EU leaders meet as Germany stands firm

EU leaders meet as Germany stands firm

BRUSSELS
EU leaders meet as Germany stands firm

German Chancellor Angela Merkel (L) talks with Italian Prime Minister Mario Monti (R) during a family photo after a meeting of European Union leaders yesterday.

The European Union leaders gathered in Brussels today for a two-day summit crucial to the future of the euro in the shade of growing divisions between the two powerhouses of the 17 nation bloc as German leader Angela Merkel once again firmly opposed to throwing money at struggling banks or poorly-run economies.

Chancellor Merkel showed no sign of relenting in her refusal to back other countries’ debts at a meeting with France’s just-elected leader François Hollande in Paris a day before the EU summit. 

“Nein! No! Non!” shouted a headline splashed across the front page of the normally sober German business daily Handelsblatt, with a commentary by its editor-in-chief saying Merkel must remain firm at the two-day summit.

“I say we need more Europe and I think we are in agreement there.
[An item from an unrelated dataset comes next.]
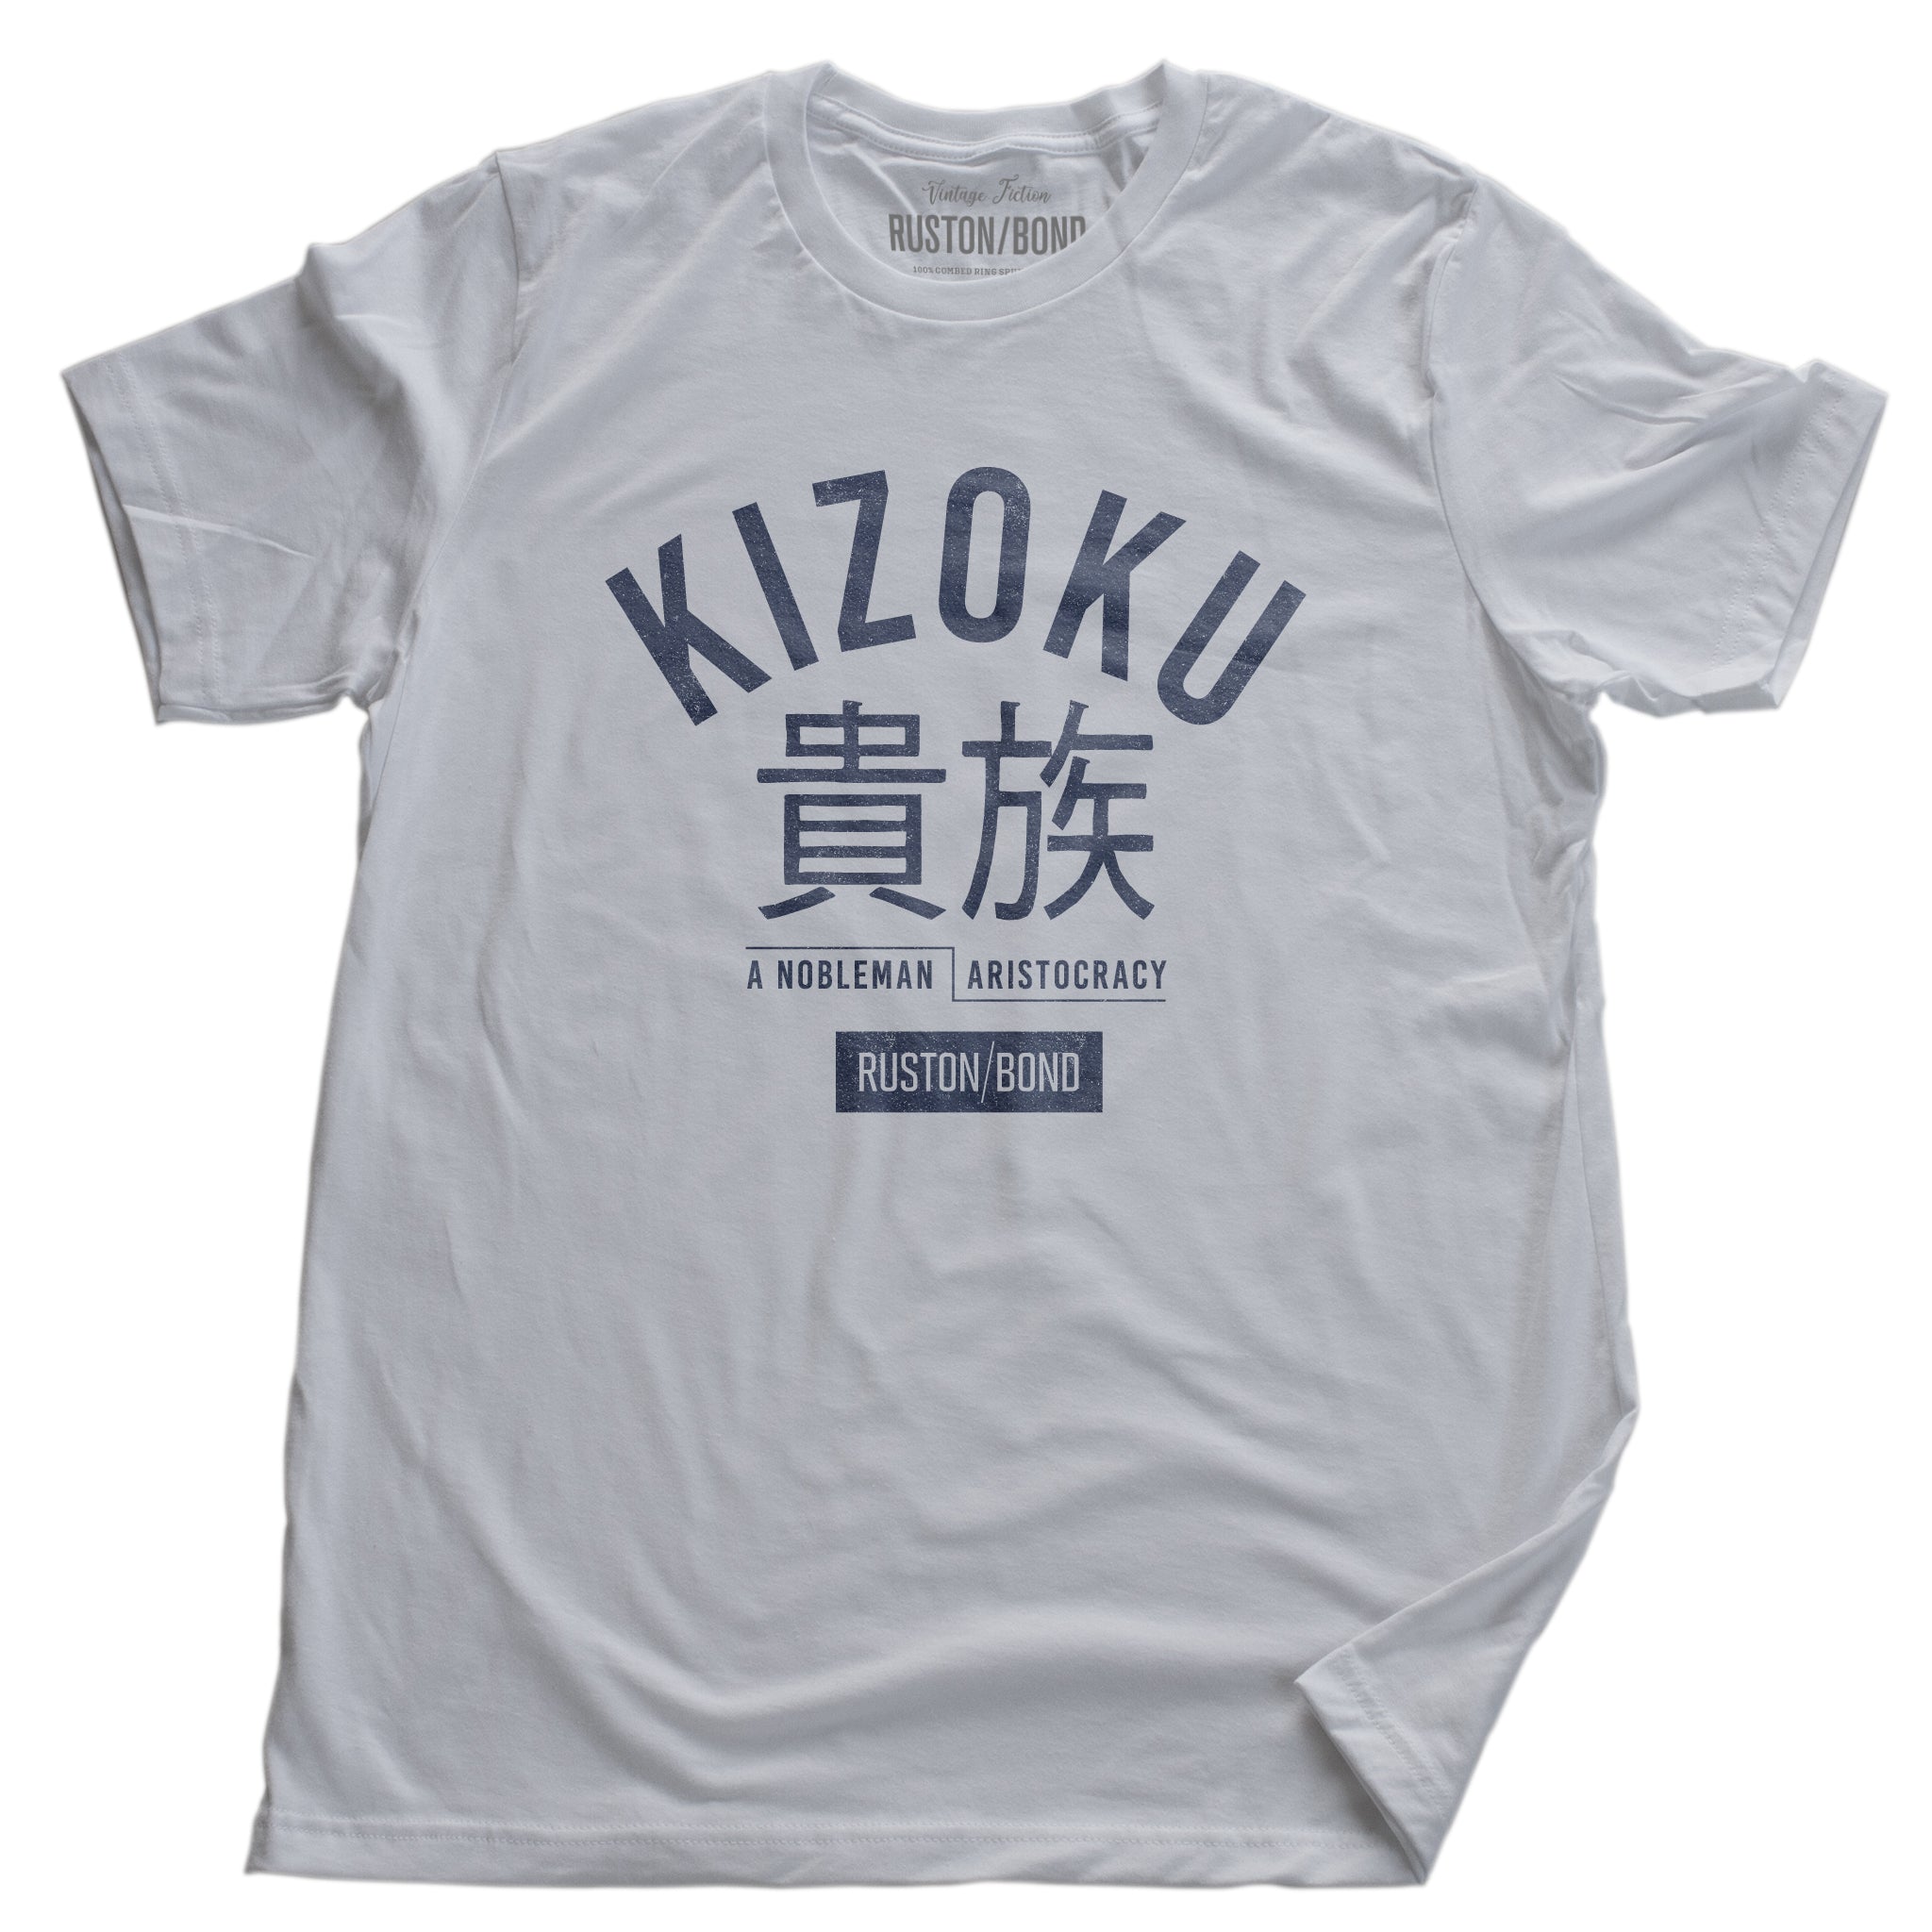 A retro fashion t-shirt in White with the bold typographic of the Japanese word “KIZOKU” and “a nobleman / aristocracy” below the Japanese characters. By the fashion brand Ruston/Bond, from wolfsaint.net.

We need a Europe that functions effectively, markets are looking for this, and a Europe where countries help each other,” Merkel said in a brief statement before the Paris meeting.

“This is a summit where we will take important decisions,” said EU president Herman Van Rompuy on opening the EU summit. 

“Europeans expect no less from us.” 

The 27 EU heads of state and government began talks in the afternoon with the world anxiously awaiting a grand plan to save the single currency from a collapse with unfathomable global repercussions.

European stock markets and the euro slid in anticipation of the summit after a week that saw Greek
Cyprus and Spain, the eurozone’s fourth economy, join earlier victims of the two-and-a-half year crisis, Greece, Portugal and Ireland.

“There will be a domino effect across all of Europe. We need emergency measures,” said Belgian premier Elio Di Rupo as he joined counterparts.

With Italy, the eurozone’s third-largest economy, also under threat, leaders of Europe’s “big two”, France and Germany, headed into Brussels careful to show unity despite their divisions. 

“I have come to find very quick solutions to support the countries facing the biggest problems in the markets,” Hollande said in a clear reference to Italy and Spain.

“Growth must be at the heart of our commitments,” Hollande added in reference to a growth pact of between 120 billion and 130 billion euros to be debated at the summit.

Weighing in behind the new French leader, Merkel agreed Europe needed growth to revive sluggish economies economies facing record 11 percent joblessness.

Hollande, along with Italian leader Mario Monti, also favors dipping into the eurozone’s 500-billion-euro rescue pot to help Spain’s distressed banks or buy bonds of virtuous economies whose borrowing costs are soaring due to market pressure.

Greek Cyprus should not take over the rotating presidency of the European Union next month because it has sought emergency funding, the head of a business group linked to Merkel’s conservatives said on June 26.

“This is the paradox of the European Union, that the dog should be put in charge of the supply of sausages!” said Kurt Lauk, president of the economic advisory board of center-right Christian Democrats.